Mastodon

It's dark outside and my battery is getting low

musings and writings from alessandra pereyra

A last left turn before the end of the night

Cruising the exposed-brick walls of Boston, a starry night sitting above in the sky, Jazz flows through the drivers car and fills the distance between you and me. The lights outside dim and die and brighten again. Alive. There’s life out there, in the city.

There’s a sense of adventure floating in the air. A sense of opportunity. And we are witnesses—silent ones at that, since mirrors of technology try to catch our glimpses, and the music surrounds our other senses—that words, voice, would damage that moment. That it would—somehow—make it real, and in this night, this particular night, the surrealism of the Boston scene is enough. It really feels like it.

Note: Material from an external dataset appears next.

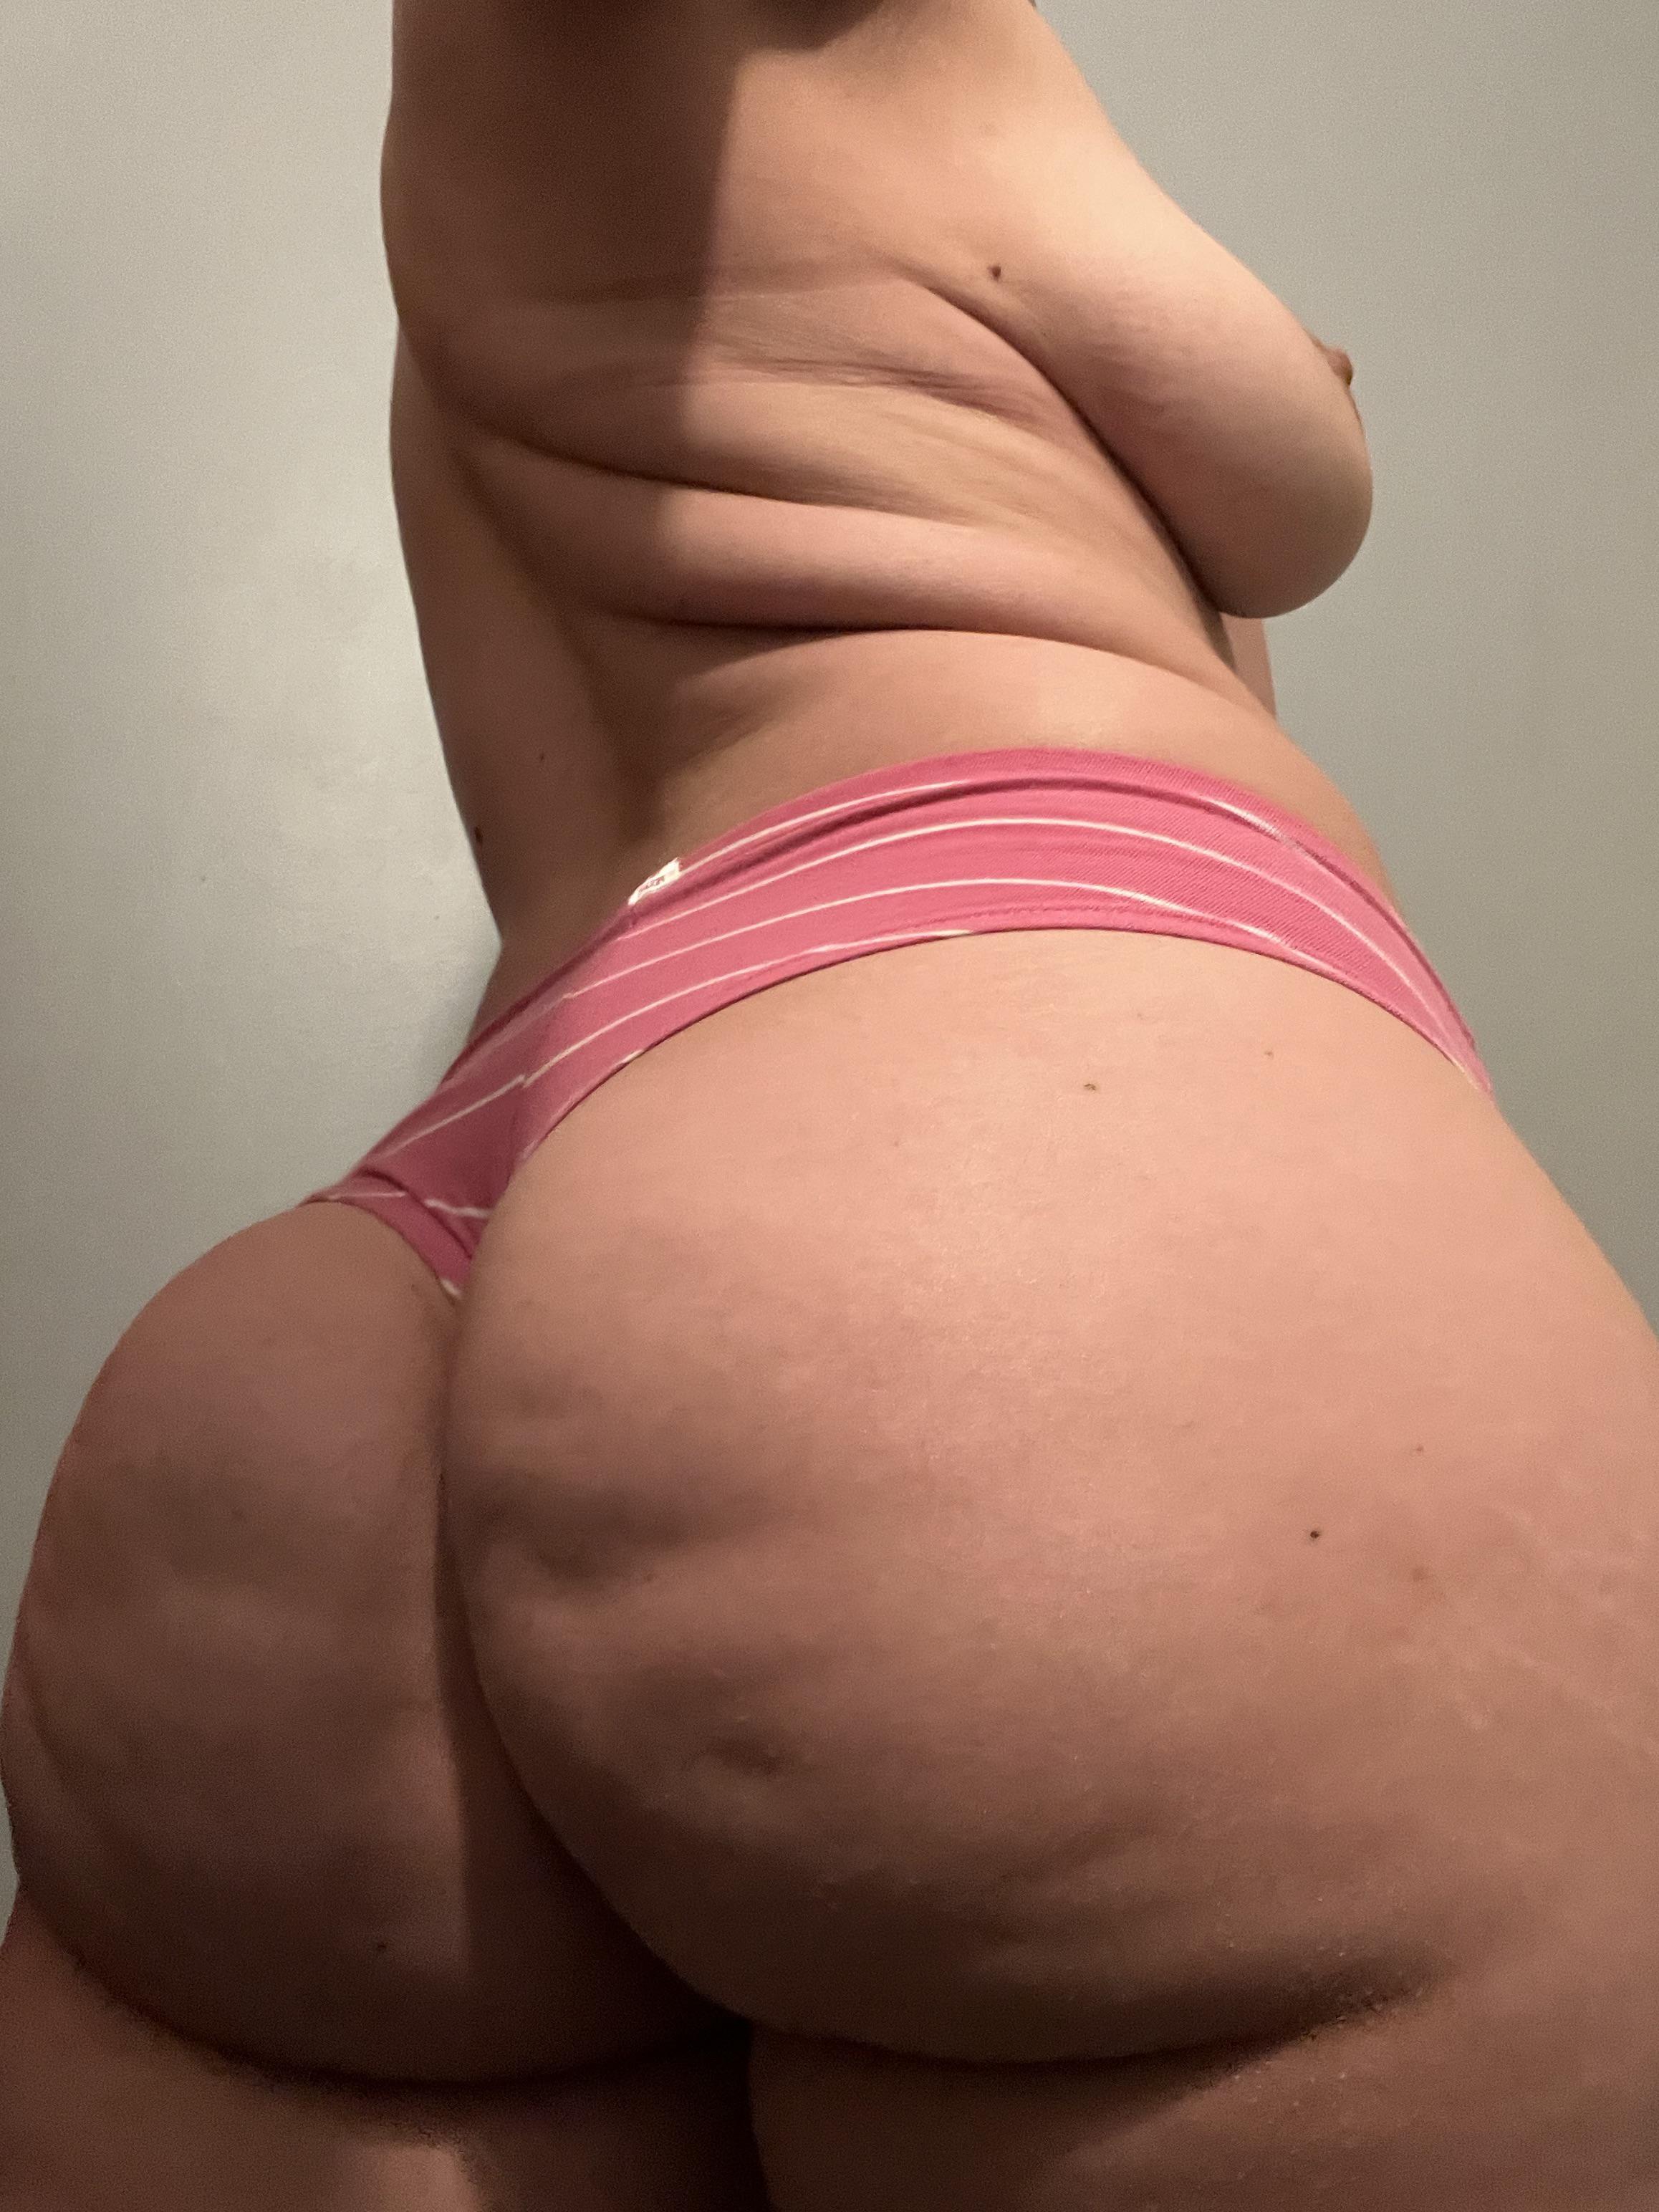 PAWG I come with a built in face warmer…

A right turn brings us to one square and a left to another, the city caught on that idle moment, too late to go to sleep and yet too early to wake up. That fleeting time when moonlight touches all and yet the yellow in every streetlamp caresses the empty spots with its gliding touch.

And the people go on. Walking. Stirring. Smiling. We see couples gently touching their hands. We see newcomers striding through the streets, trying to get a familiar sense of where they came—a feeling I know since I’m one of them too.

I see a series of buildings in the night and for a second I’m in other place, back at my origins. And the silhouettes match up with the ones I remember from my country, and as the drive goes on, memory takes control of my expectations.

Trees and people and billboards somehow are merging in the mind and things seems to coincide. Till they don’t, and the restaurant I remembered and my memory had promised would appear next doesn’t, and a bridge takes its place. And it’s fine, since I’m back on the seat, another hand over mine and the moving night of Boston outside the window, stating “Welcome back, we’re still here and here we’ll remain”.

Our souls arrive home, somehow bigger and grander, having just had dinner. Inner souls filled of memories. Of shadows and lights that now are off. Of people going to parties, and drinks, and cigarettes. And ideas of what is next. Fears of change. So much change to come.

We get up on the street, leaving the car, facing the house where we’ll sleep and leave our bags for one of the last times till they have to fly away, and we breathe for one second more the air, the mixture of oxygen with life. And we cross the street, not quite the same people that left this place a mere hours away, nor the ones that will go on before sleeping, and will order a pizza and watch tv.

For that moment, for that speckle of time in the history of our lives, we are we, trapped in the middle between before and after.

And on that night, that singular night, that’s all we can really ask for.